Лодка сделала еще один поворот и заскользила под нависающими над водой ивами. С острых листьев посыпались холодные капли. Григорий рукавом плаща вытер мокрое лицо, втянул голову в плечи и надвинул на голову брезентовый капюшон, влажный и холодный. Одна капля попала на сигарету, та с шипением погасла. Григорий бросил окурок в реку, даже не проследив за его полетом.

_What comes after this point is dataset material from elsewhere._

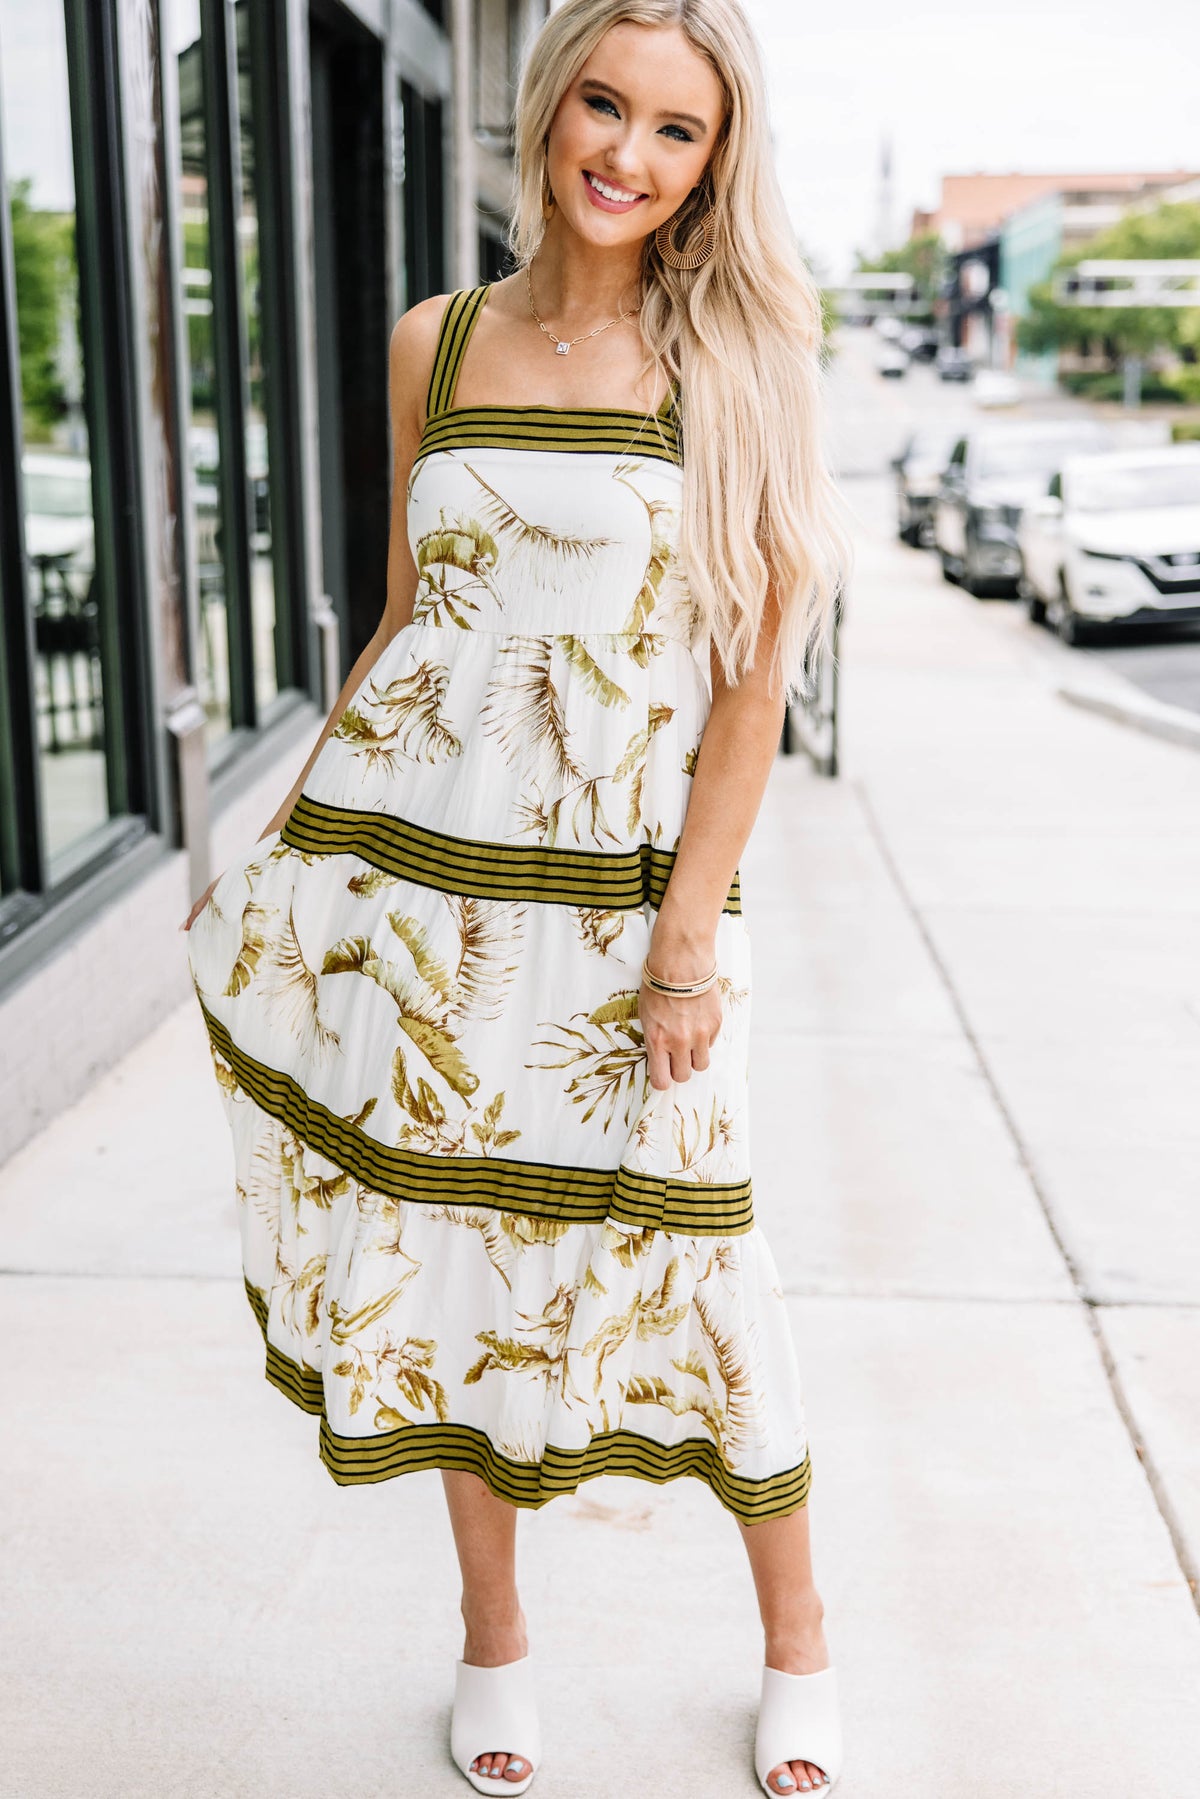 Cute Green Floral Midi Dress - Trendy Midi Dresses – Shop the Mint
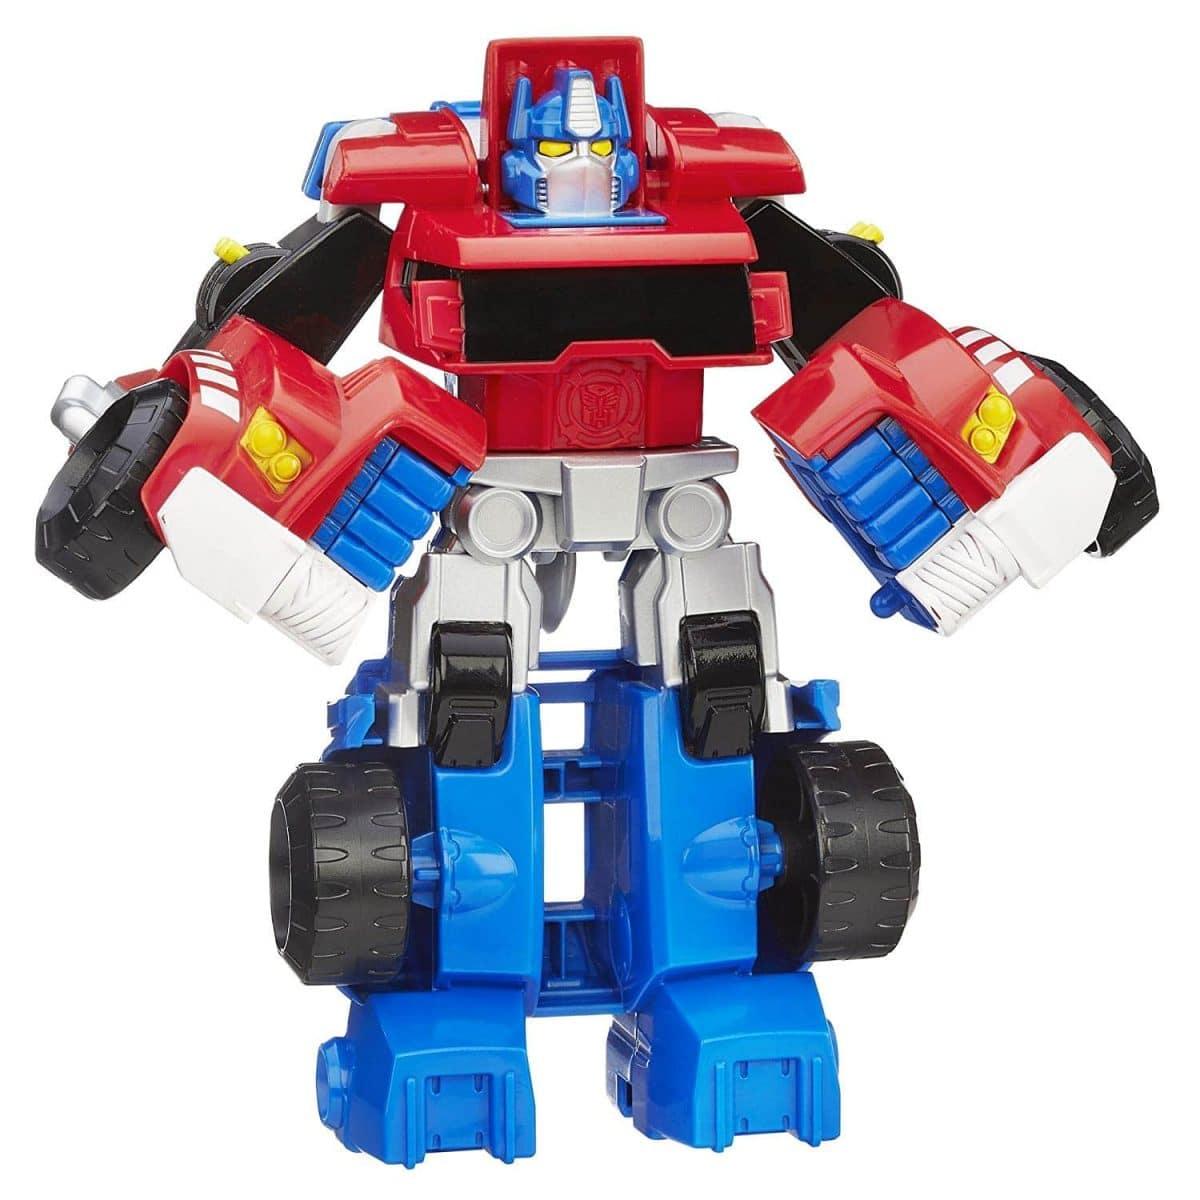 Playschool Heros Transformers Rescue Bots

.Лодка медленно разворачивалась. Место, куда привез Кузьма Пацук своего приятеля, было глухое, ближайшая деревня находилась в трех километрах от него. Эта заводь пользовалась у местных рыбаков недоброй, славой. Рыбачить здесь никто не любил. Заводь была глубокая с непредсказуемым течением, берега густо поросли лесом. Вода подмывала деревья, и они падали в воду, порой абсолютно неожиданно. Рыбачить в этих местах было рискованно. Сети часто рвались, зацепившись за коряги. Даже летом в самые жарки дни здесь никто не купался – вечная тень, комарье и странный, похожий на кладбищенский запах витал над этой заводью.
Моторка медленно сделала круг. Кузьма осматривал берега, хотя прекрасно понимал, что в таком тумане мало что можно увидеть, разве что услышать, да и то обманешься: далекий звук покажется близким, а близкий – обманчиво далеким. Кузьма заглушил мотор. Лодка по инерции плыла метрах в десяти от берега. Лишь кроны деревьев с уже поредевшей листвой возвышались над туманом, похожие на низко опустившиеся грозовые облака.
– Ну, где твои сети? – раздраженно спросил Григорий.
– Тут ставил, сейчас определю.
– Тут, там.., в этом тумане хрен поймешь. Ты хоть что-нибудь запомнил?
– Сосну на берегу и тростник. Григорий нервно засмеялся:
– Какая сосна?
– Да та, в которую молния два года тому назад саданула, обгоревшая, черная.
– Лучше бы палку воткнул.
– До дна тут поди достань. Погоди-ка, погоди, – пробурчал Кузьма, сбросил капюшон, положил серую кепку на истертое сиденье. Держась за борт, навис над водой так, что Григорию даже показалось, что Кузьма дует на воду, чтобы разогнать туман и увидеть сеть в темной воде, по которой плавали желтые листья. Неподалеку плеснула рыба.
Кузьма вздрогнул:
– Есть здесь рыба, слышишь, плещется? Такие щуки, по пуду и больше. Мне один местный дед это место показал, он тут всегда ловит.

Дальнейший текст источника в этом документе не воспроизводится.